Over the past decade, energy requirements have increased exponentially, and the increased use of conventional energy sources has had a detrimental effect on the environment. This has shifted the research focus toward renewable energy resources. Since solar energy is most abundant in nature, among other renewable energy resources, photovoltaic generation systems have emerged. Single-phase pulse width modulation (PWM)–based unipolar inverters are an integral component for the realization of such systems. However, the non-linear loads affect the sinusoidal output voltage of inverters, as they increase the total harmonic distortion (THD), resulting in the difficulty of meeting IEEE standard 1547 [1,2,3,4]. In order to regulate the output voltage in the presence of uncertain load conditions, a robust controller with good transient and dynamic response is required [5].

Conventionally, PWM-based controllers are small-signal model dependent; therefore, practically, the inverter state–space equations do not remain the same because the states of the switches change very rapidly during wide operating conditions. Moreover, the modeling of the discontinuous control variable as a continuous function, called the duty ratio, further complicates the problem, hence, the mathematical model will only work when operating very near the prescribed equilibrium point [6,7].

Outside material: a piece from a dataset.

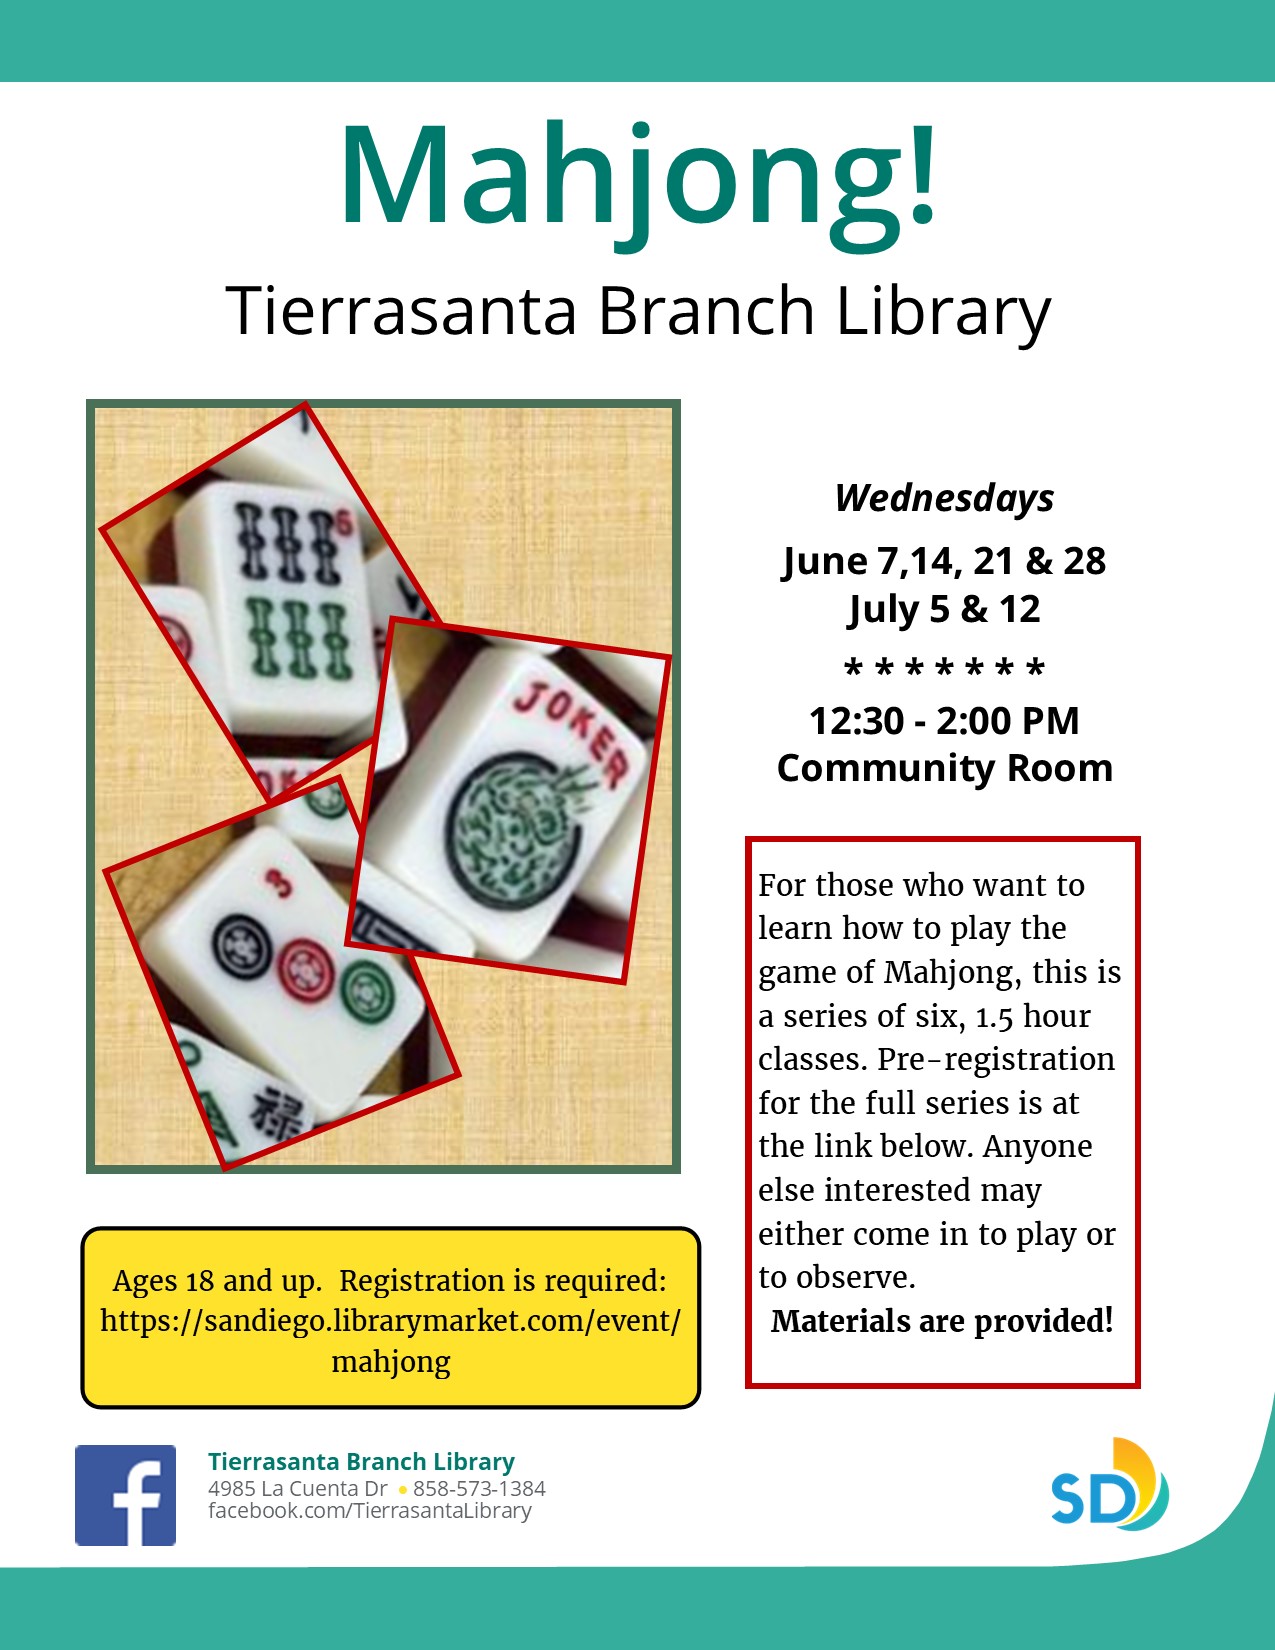 Flyer with the image of three mahjong tiles

In order to achieve wide range operations, researchers have proposed different types of non-linear control techniques [8,9,10,11]. Out of these, sliding mode (SM) control is well known for being robust and parameter-invariant [12,13,14,15]. SMC for power inverters achieves the desired output voltage regulation in a wide range of operating conditions [16,17,18]. Power inverters are inherently compatible with the SMC technique, due to their discrete switching nature and being a variable structure system [19,20]. SMC has some unique features, such as robustness, order reduction, stability and precise regulation [21,22]. Moreover, the average model of the power converter is not essential for SMC [23,24].

Ideally, SMC operates at an infinite switching frequency. However, an infinite switching frequency is not achievable in practical systems. Hence, the switching frequency must be kept in a practical range. In [25,26], an adaptive feedforward-based hysteresis controller is presented to select the specific range of switching frequency. In the case of variations, the hysteresis region of the SMC changes with respect to any disturbances in the load [27]. These schemes achieve a finite but variable frequency, downgrading the power quality and resulting in increased electromagnetic interference (EMI).

In recent studies, many control techniques have been proposed to address the aforementioned problem of the frequency drifts in SMC. In [28], adaptive hysteresis controller is utilized to achieve a fixed frequency SM controller by varying the hysteresis band. In this method, additional sensors are required to gather the information of system states, which increases its complexity and cost.

The zero average dynamics (ZAD) technique is also reported in the context of fixed switching frequency. This technique changes the duty cycle of the power switch in a controlled manner to ensure the zero T-periodic average of the discontinuous function. This method achieves a fixed frequency operation and is practically demonstrated by the authors [29]. Major drawbacks of this technique are the complex computations and the requirement of high-speed and expensive processors.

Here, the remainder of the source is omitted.